We can of course help you with that.. And, let us know if the above docs and @devimc instructions give you enough information to get up and running? thx!

Yuval-Ai commented 5 years ago

Thanks @grahamwhaley & @devimc. Yes, I think @devimc's instructions might be a good starting point for me. I'm going to try them out and would be glad to work together to get it done. Once I'll have everything running and tested, I'll be more than happy to add a document on the process..

Thanks!

mcastelino commented 5 years ago

VFIO will work even for a regular NIC. As long as we discover the interface to be a physical interface we use VFIO. Let us know if this fails.

/cc @amshinde

Yuval-Ai commented 5 years ago

Hi all, I followed @devimc's instructions with some changes along the way, and currently can't see the NIC in the loaded container.

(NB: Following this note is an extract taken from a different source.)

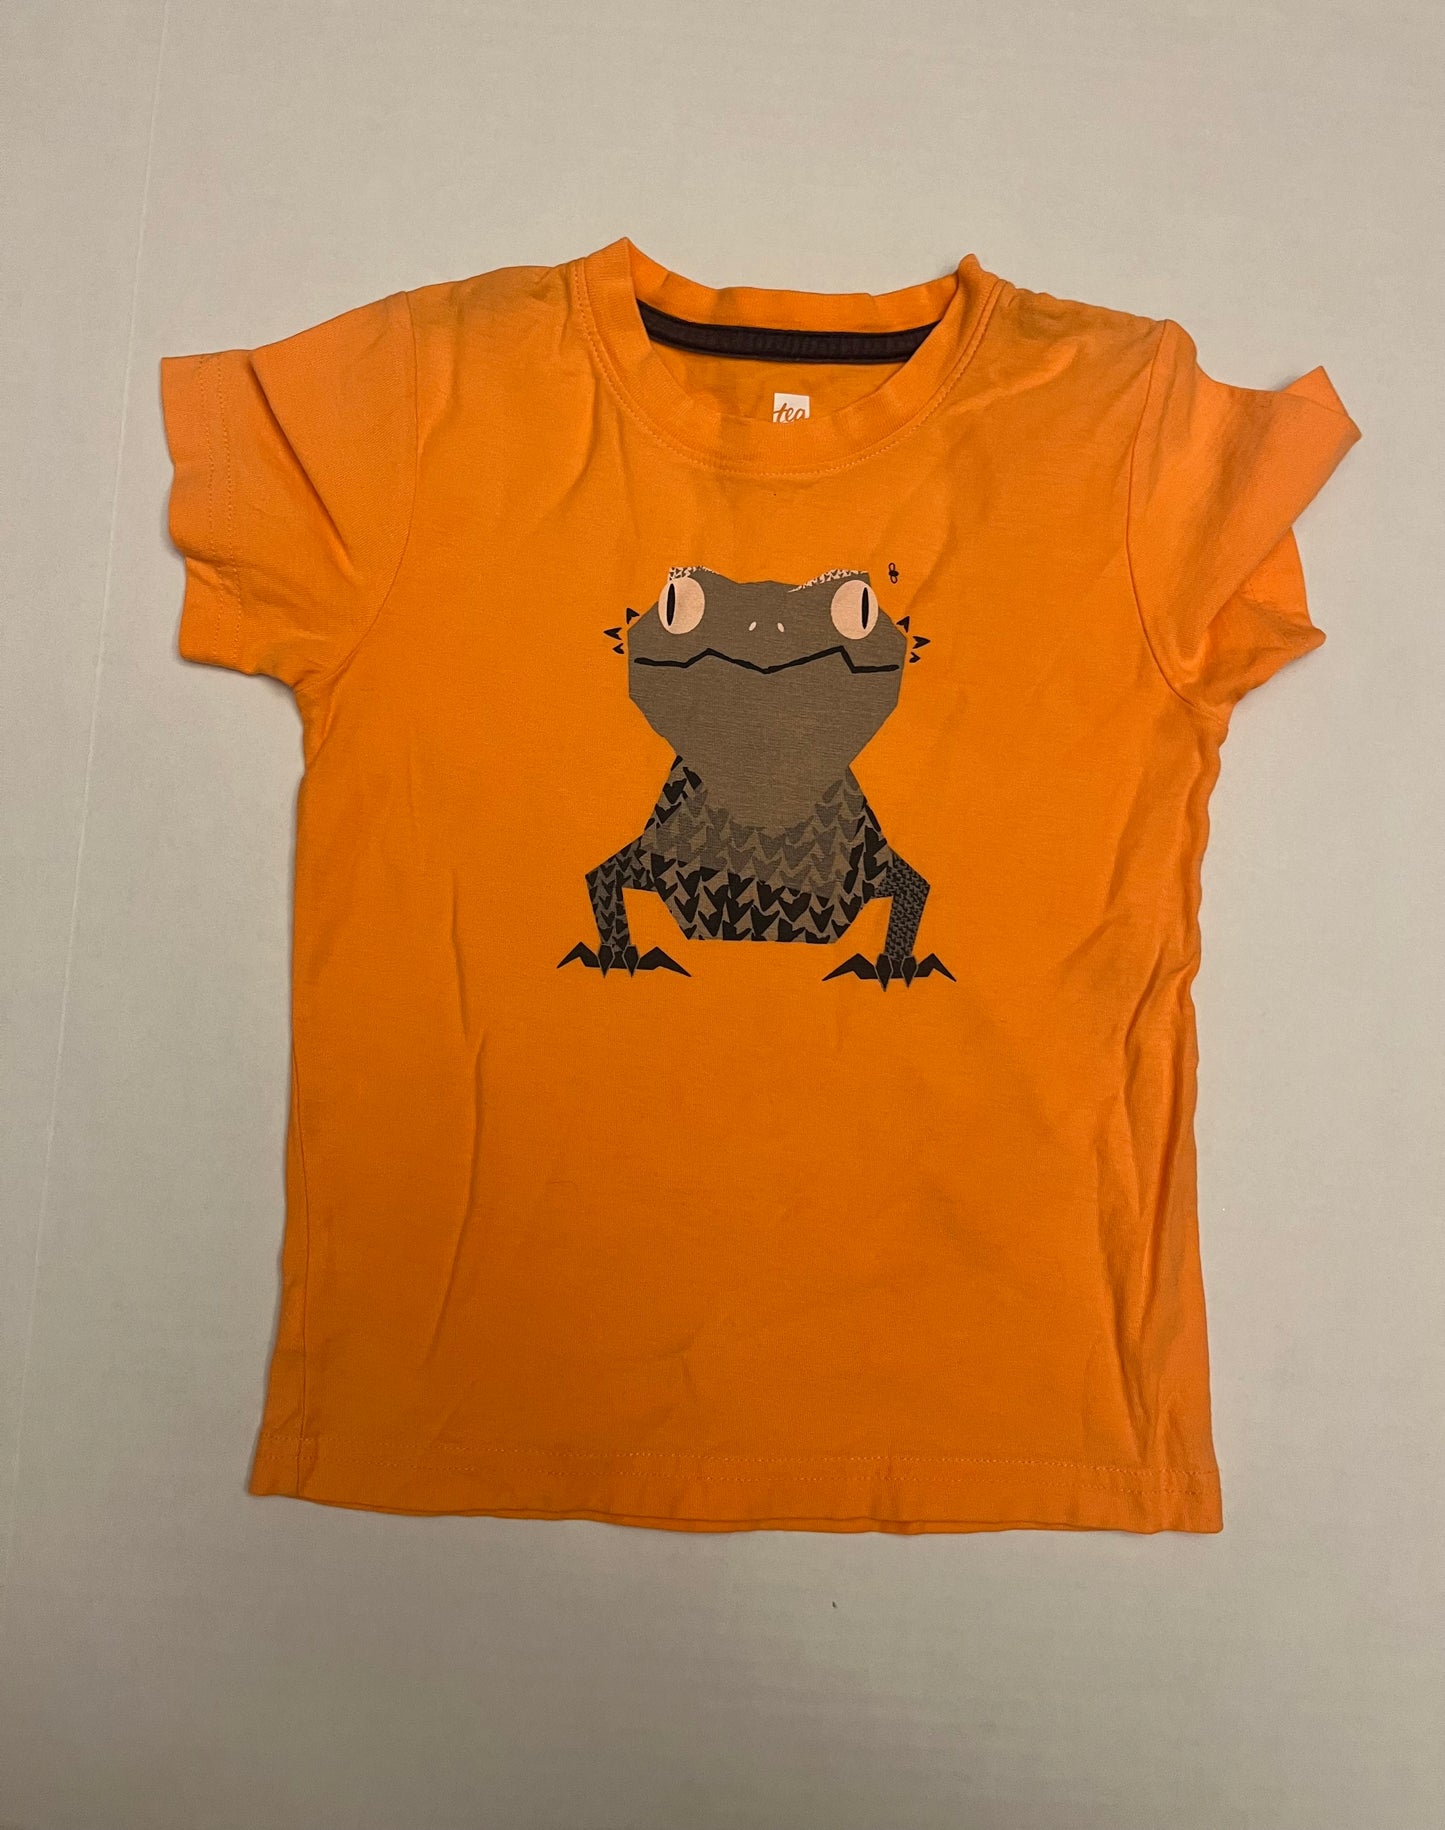 Tea Collection gecko shirt size 4T. PPU Mariemont

It seems like the problem is that the container loads without the VFIO module.

After reading the GPU-passthrough-and-Kata document, I assume:

Am I correct?

I added here the steps that I took and their results (bad results heighligted).

Thanks!! @grahamwhaley @devimc @mcastelino @mcastelino

1. Enable the hotplug_vfio_on_root_bus configuration in the

Kata configuration.toml file:

[host]# vi /usr/share/defaults/kata-containers/configuration.toml

a.  Set hotplug_vfio_on_root_bus = true
b.  Make sure you are using the pc machine type by verifying machine_type = "pc"

2. Install lshw and find pci address for the interface

[host]# yum install lshw

[host]# lshw -class network -businfo | grep enp0s20f1

Result: pci@0000:00:14.1 enp0s20f1 network Ethernet Connection I354 1.0 GbE Backplane

3. Insert into a variable

[host]# BDF="0000:00:14.1"

4. Load module

[host]# modprobe -i vfio-pci

5. Unbind the device

[host]# echo $BDF | sudo tee /sys/bus/pci/devices/$BDF/driver/unbind

Result: 0000:00:14.1

6. Find vendor & device ID

[host]# lspci -n -s $BDF

Result: 00:14.1 0200: 8086:1f40 (rev 03)

7. Bind to vfio-pci

[host]# echo 8086 1f40 | sudo tee /sys/bus/pci/drivers/vfio-pci/new_id

Result: 8086 1f40

8. Check dev name

[host]# ls /dev/vfio

Result: vfio

9. Run container

[host]# docker run -it --runtime=kata-runtime --name vfio_con --device /dev/vfio/vfio -v /dev:/dev ubuntu bash

10. In the container, update sources and install needed packages

[container]# apt update ; apt install iproute2 pciutils kmod -y

11. Find forwarded device

[container]# lspci -nn –D

Result: No [8086:1f40] in results.

12. Check for VFIO module

[container]# lsmod

Result: Module Size Used by (------empty-------)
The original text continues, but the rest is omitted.